Over 50 Heads of State gathered in The Netherlands, are trying to make the world a safer place.

The Dutch city of The Hague yesterday, March 24, 2014, welcomed 58 world leaders, 5,000 delegates and 3,000 journalists to the Nuclear Security Summit (NSS), the largest gathering of its kind ever held in the country, agency reports said. Russian President, Vladimir Putin, stayed away, choosing to send his Foreign Minister, Sergey Lavrov, the BBC said.

Other notable absentees from the summit are North Korea and Iran that were excluded by mutual consent. Lavrov is however expected to hold talks with US Secretary of State, John Kerry. Though nuclear terrorism is officially the main topic for the summit, the Ukraine crisis will overshadow talks. Delegations from 53 countries, including the leaders of the US, China and Japan, are negotiating how to reduce, secure nuclear supplies and keep them out of terrorists’ hands.

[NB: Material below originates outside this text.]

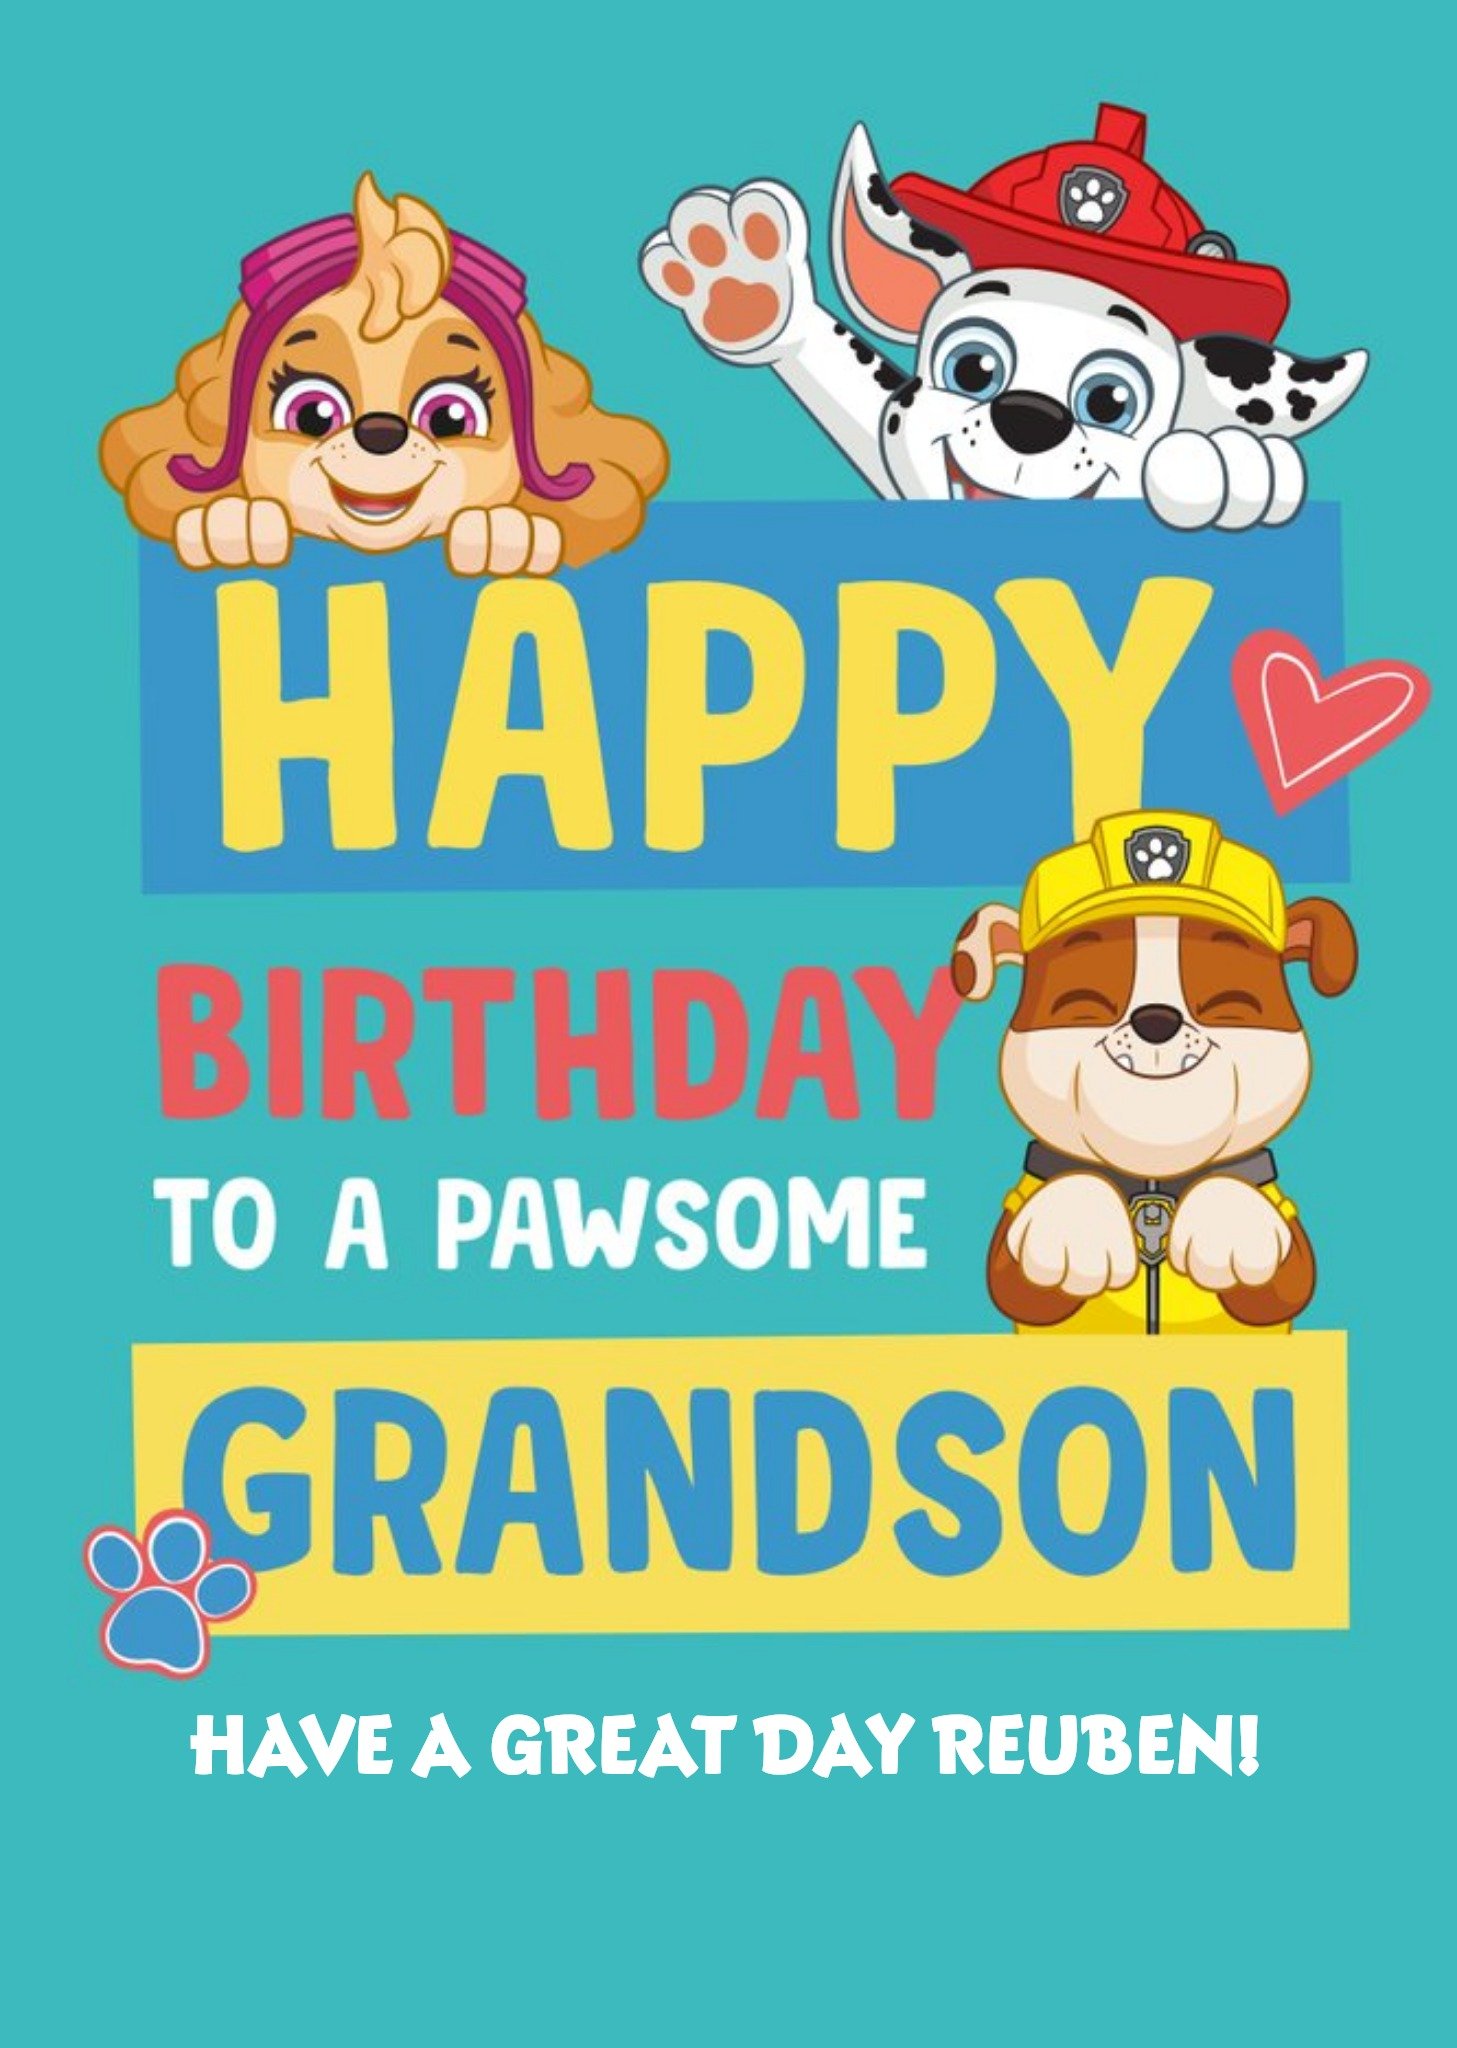 Paw Patrol Pawsome Grandson Birthday Card Ecard

As the meeting opened, Japan announced plans to turn over to the United States over 315 kilogrammes of weapons-grade plutonium and a supply of highly-enriched uranium. US Energy Secretary, Ernest Moniz, described the deal as "a very significant nuclear security pledge." Yosuke Isozaki, a senior adviser to Japanese Prime Minister, Shinzo Abe, said the hand over of highly-enriched uranium and plutonium was part of Japan's efforts to prevent proliferation and possible abuse of nuclear material by terrorists.

The summit is the third since US President, Barack Obama, launched the series in 2009, saying that reducing the risk of terrorist attacks with either nuclear weapons or ‘dirty bombs’ was one of his most important international policy goals. Dutch Prime Minister, Mark Rutte, told reporters before the opening that 146 nuclear ‘incidents’ were reported to the International Atomic Energy Agency, IAEA, in 2013, The Washington Post reported. Although the incidents were mainly about material that temporarily went missing, “the possibility of a serious incident continues to hang over us,” he warned.

The number of countries that possess enough highly-enriched uranium or plutonium to make bombs has fallen steadily from 39 before the first conference in Washington in 2010 to 25 at the start of The Hague summit, sources said. More than 120 countries today exchange information on cases of theft, unauthorised access to sites where radioactive material is held, and illegal transfers.